Twin-Screw Blower Boosts 2007 Shelby GT500 To Nearly 1,000 RWHP

Regular readers know that Whipple Superchargers revamped its product line with a pair of new superchargers last year. The first new entry to its lineup was a third-generation version of its vaunted 2.9-liter twin-screw unit, which features a number of improvements including a high-flow case, a more efficient rotor pack, and other detail improvements that combine for a more potent upgrade.

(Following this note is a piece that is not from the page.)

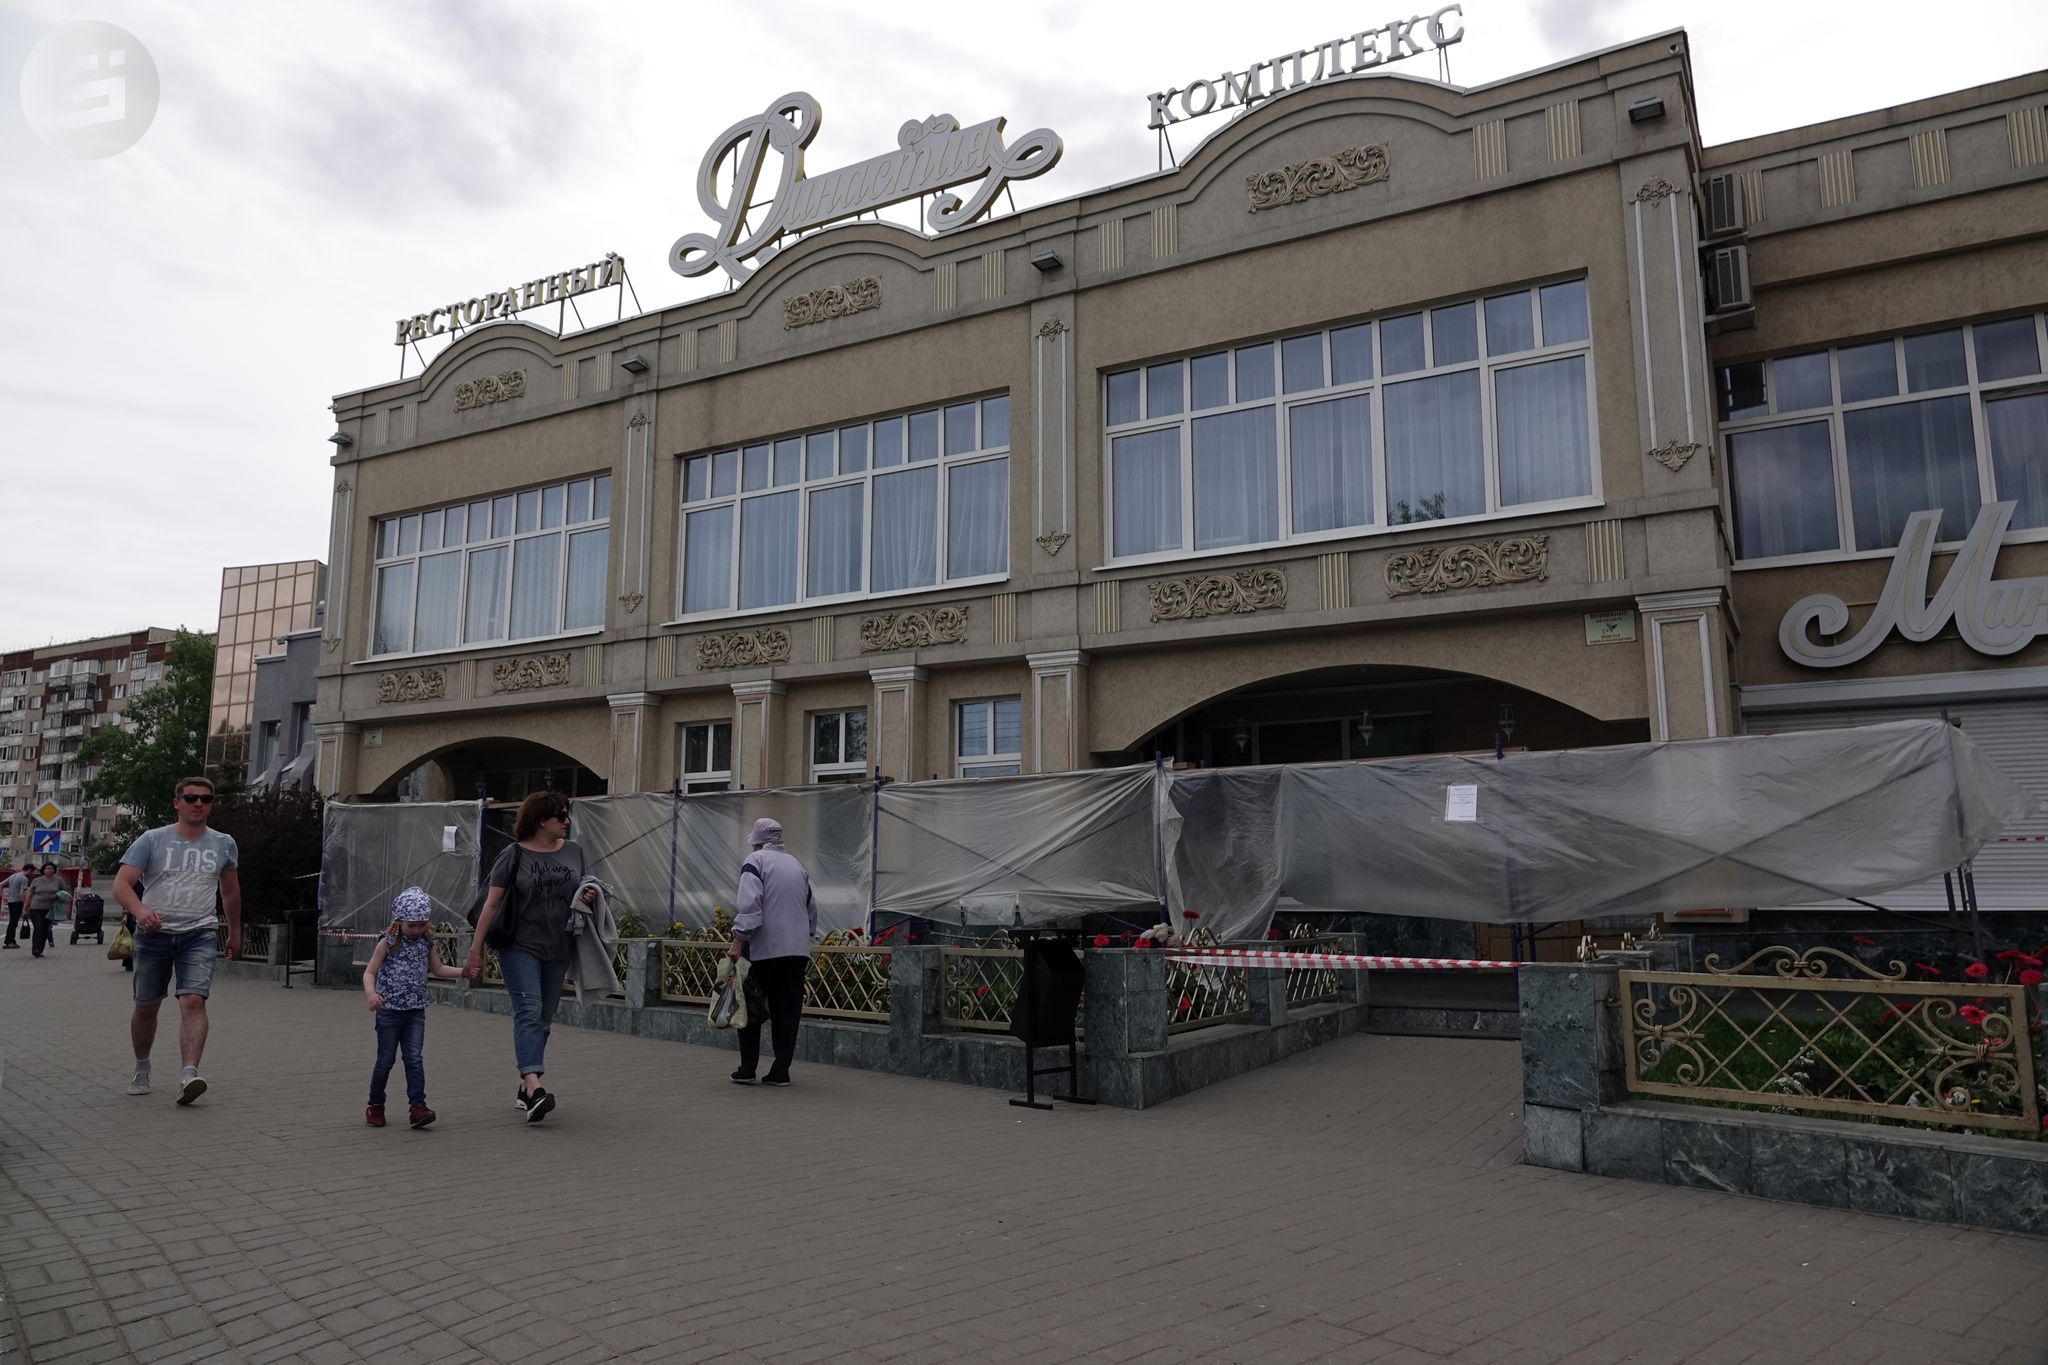 Ресторан «Династия» в Ижевске, где отравились люди, возобновит работу с 15 июня

If you have the supporting mods you can double your stock horsepower on a 5.4 with the Whipple 2.9-liter. — BJ McCarty, Venomous Consulting

“The Gen 3 2.9-liter supercharger features a new rotor profile and housing, allowing for increased airflow, lower temps, reduced drag, and more power than previous models. It fits perfect for daily driver as well as modified engines as it has enough capacity to significantly outflow the stock superchargers on the GT500,” Dustin Whipple, Vice President of Whipple Superchargers, told us. “The 5.4-liter engine’s supercharger is extremely inefficient, therefore our 2.9-liter drastically improves performance on all levels. The 5.8-liter had an upgraded 2.3-liter, which was a large improvement, therefore our 2.9-liter is best fit for guys asking for more airflow as the stock unit begins to hit a wall, along with issues with getting a belt system on it to spin the RPM levels needed to try and make power the larger superchargers can.”

BJ McCarty’s 2007 Shelby GT500 is known as Christine, as she can be a difficult gal. In his quest to push her into the 9-second zone, he opted to install the latest Whipple 2.9-liter supercharger, which he dyno tested at Mastiff Performance in Debary, Florida. “The Gen 3 twin-screw takes less power to drive, produces lower boost temps, and has a higher airflow capacity,” Dustin Whipple said. “It’s a better fit for the 5.4- and 5.8-liter engines as it is in a more ideal, usable RPM range.” (Photo Credit: BJ McCarty/Venomous Consulting)

A person with a car suited to putting this upgrade to the test is BJ McCarty, who recently started his own consultancy business. Among other things, his new operation offers custom-designed performance packages for factory boosted Shelbys like his 2007 Shelby GT500, which goes by ‘Christine.’ Yeah, she is named after the Stephen King character.

Bigger Blower

“When I launched Venomous Consulting, LLC one of my primary goals was to broaden my knowledge of available options for GT500s beyond those with which I’ve been intimately involved for a number of years,” BJ explained. “When I was presented with the opportunity to work with Dustin Whipple and Jared Rosen, of Lethal Performance, on an upgrade for Ms. Christine, I was excited to see the benefits of their latest third-generation rotor pack in the time-tested 2.9-liter supercharger.”

The 2.9-liter is a perfect fit for the 1,000-rear-wheel-horsepower daily driver. — Dustin Whipple, Whipple Superchargers

Having experience with a variety of power adder upgrades, BJ wanted to expand his experience level with a broader range of parts. That way he could pass that experience on to his clients.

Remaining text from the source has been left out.